What Does This Mean for Contractors?

While the GSA is moving away from the use of a CSP and has significantly blunted the teeth of the PRC under its new transactional data reporting (TDR) pilot program, this pilot program has only recently begun on a limited number of Schedules, and the vast majority of Schedule contractors have yet to convert to the TDR program. As a result, the added pressure on GSA from the OIG Memo will likely drive contracting officers to look for and report even the smallest of perceived noncompliances. Furthermore, negotiations could become formulaic, focused only on best pricing, and devoid of judgment and rationed trade-offs. This Memo could mean more difficult and less reasoned partners in GSA.

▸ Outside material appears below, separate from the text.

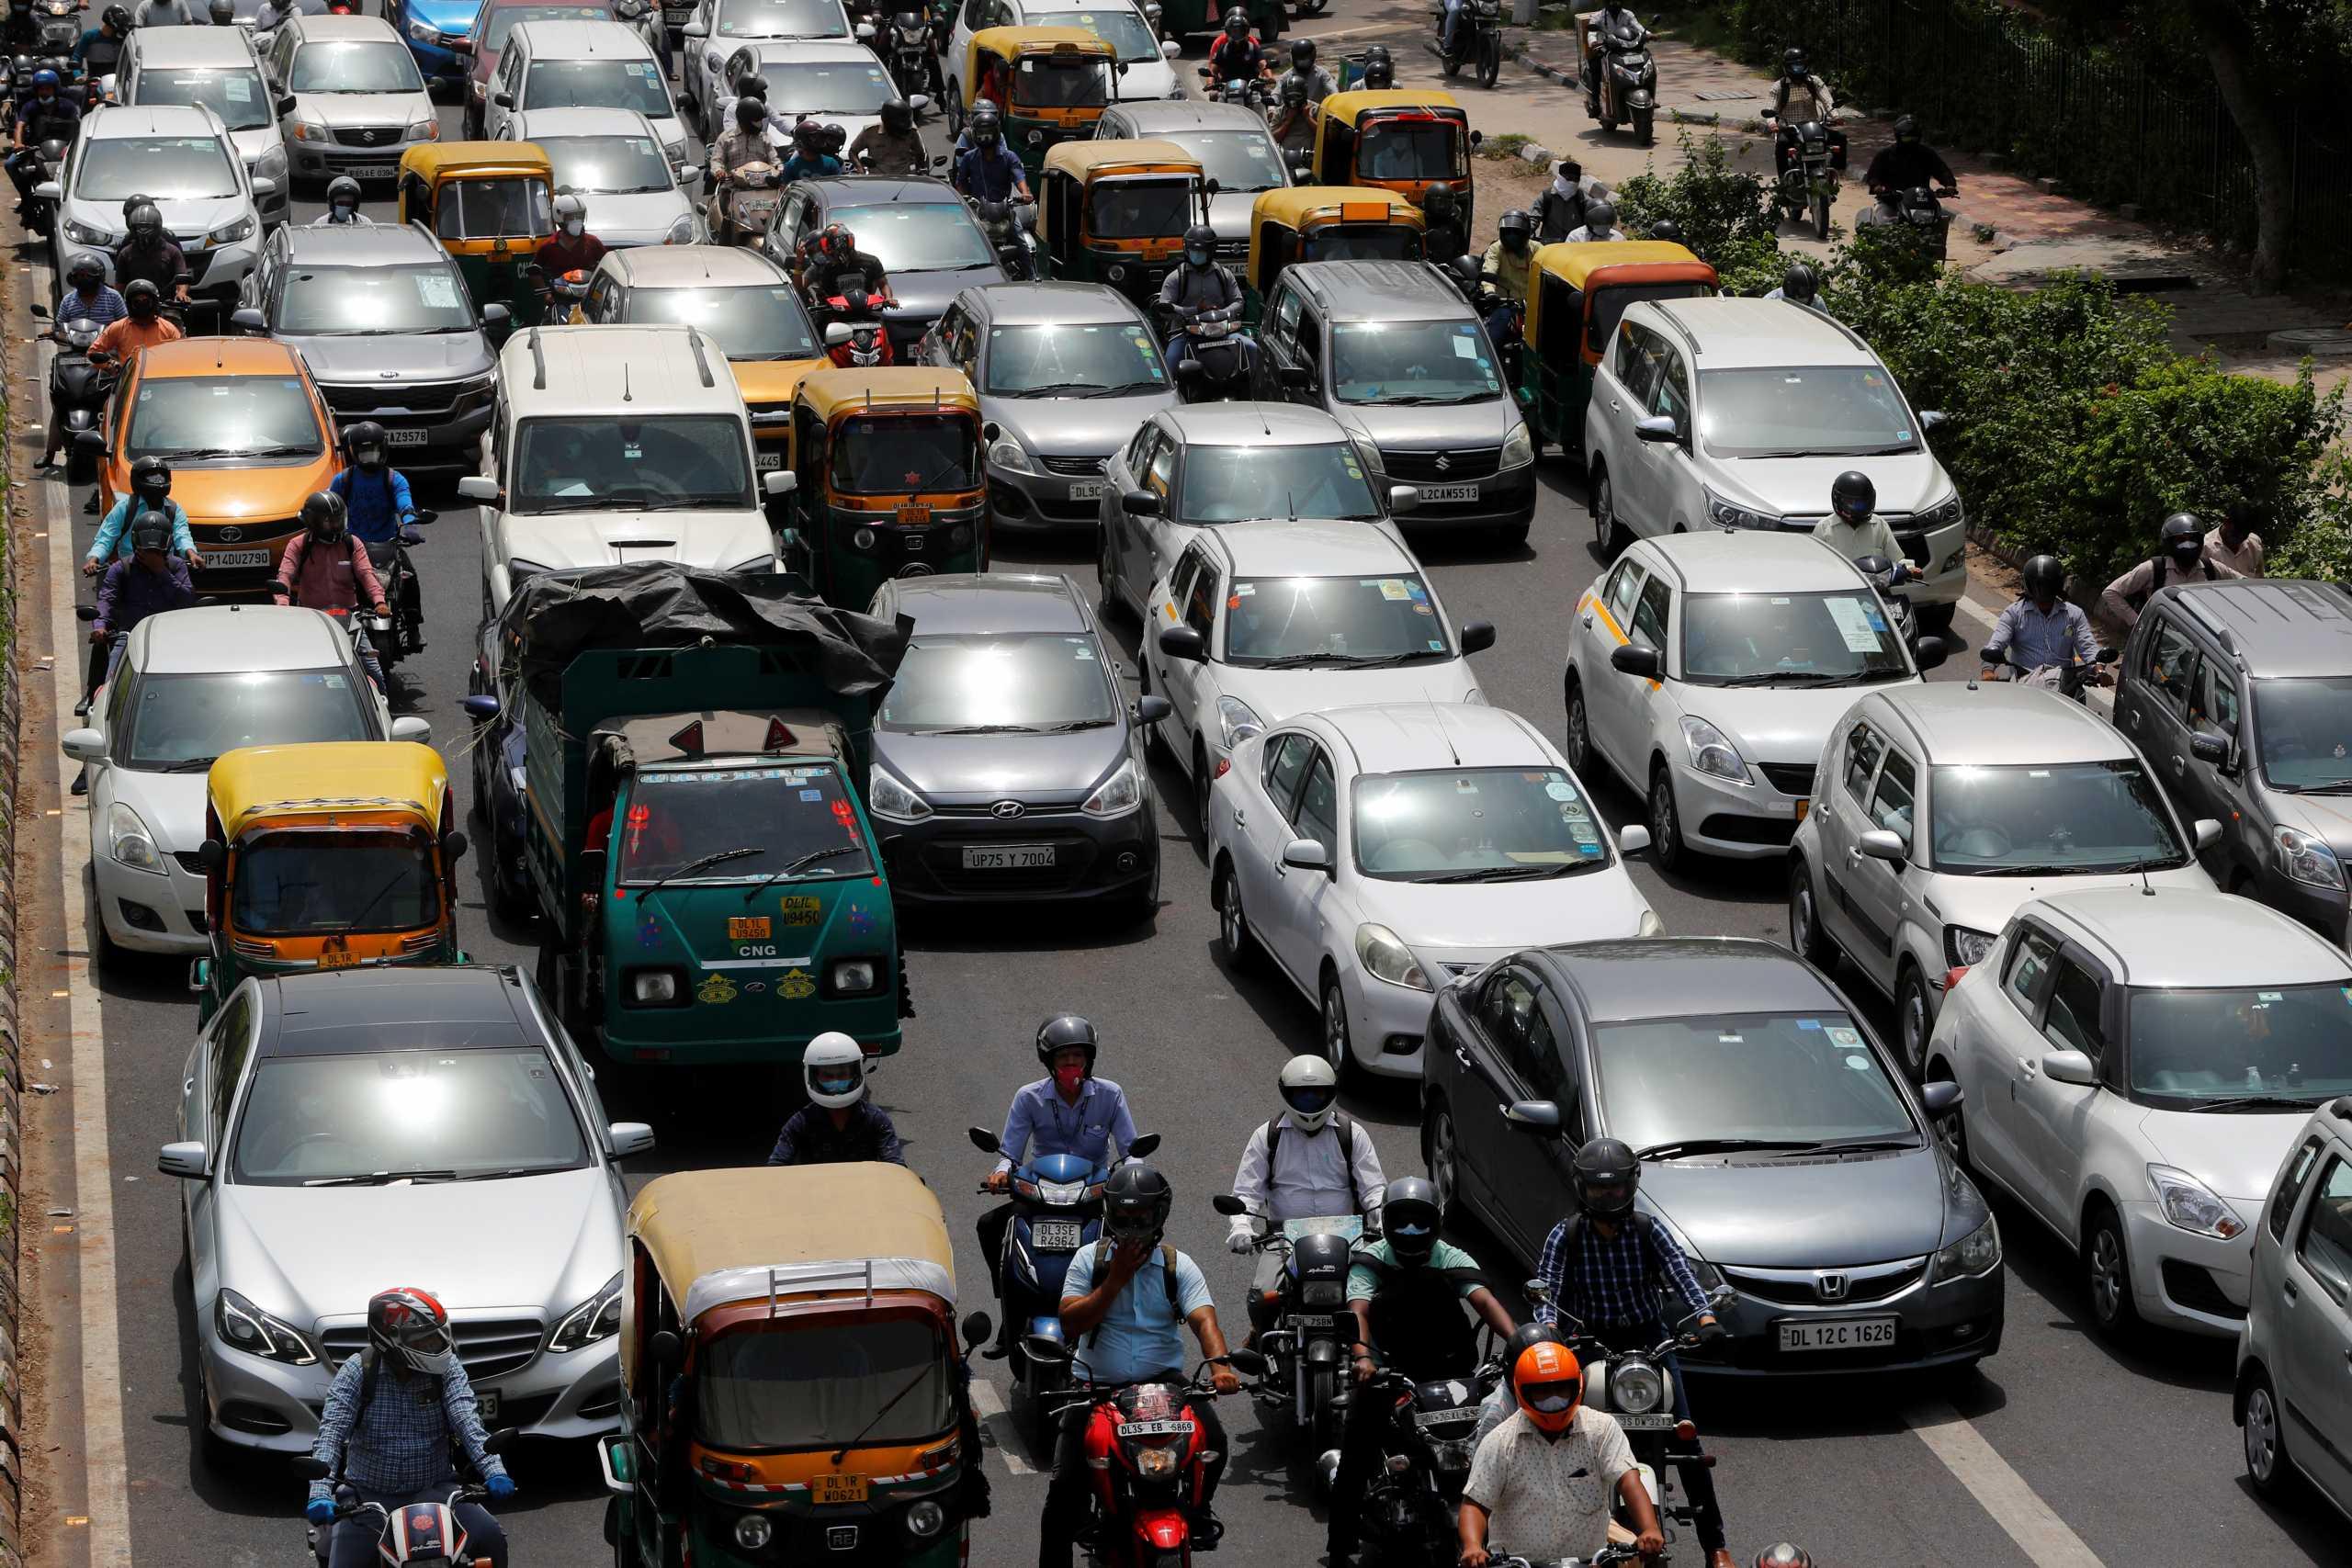 Ινδία: Εικόνες συνωστισμού στο Νέο Δελχί – «Καμπανάκι» για νέα έκρηξη κρουσμάτων

What You Can Do to Protect Yourself

There is unfortunately a long history of Schedule contractors paying hefty fines and penalties for Schedule noncompliance. While the TDR program is slowly implemented across the Schedule Program, it appears increased scrutiny, oversight, and enforcement could be on their way. As a result, contractors should consider:

  • Performing an audit of their compliance with Schedule terms and conditions. While finding noncompliances is never enjoyable, uncovering these issues early typically better enables the contractor to correct such issues and minimize harm. Ideally, these reviews are done by counsel or at counsel's direction to maintain attorney-client privilege protections.
  • Disclosing noncompliance prior to being audited. Not only is the disclosure of most noncompliances required under the terms of Schedule contracts (see FAR 52.203-13), by disclosing an issue first, the contractor forecloses the possibility of a whistleblower lawsuit. Furthermore, disclosure by the contractor, as opposed to discovery by the GSA, customer agency, or OIG, typically better positions the contractor for settlement and avoiding debilitating actions, such as a referral for suspension or debarment.
  • Negotiating more favorable or management terms. Often contractors seek the path of least resistance to get on Schedule; however, this strategy can lead to unfavorable terms and/or terms that are difficult or time consuming to administer. Consider whether more favorable or manageable terms are possible in order to ease the compliance burden.
  • Ensuring that those assigned to GSA compliance understand its requirements. To avoid noncompliance altogether, it is critical for contractors to assign Schedule contract responsibilities to persons who understand the company's Schedule contract and ideally have experience with the Schedule Program. Furthermore, it is imperative that others, whose responsibilities touch on or impact the Schedule contract, have periodic training that instructs them on compliance issues appropriate to their job responsibilities.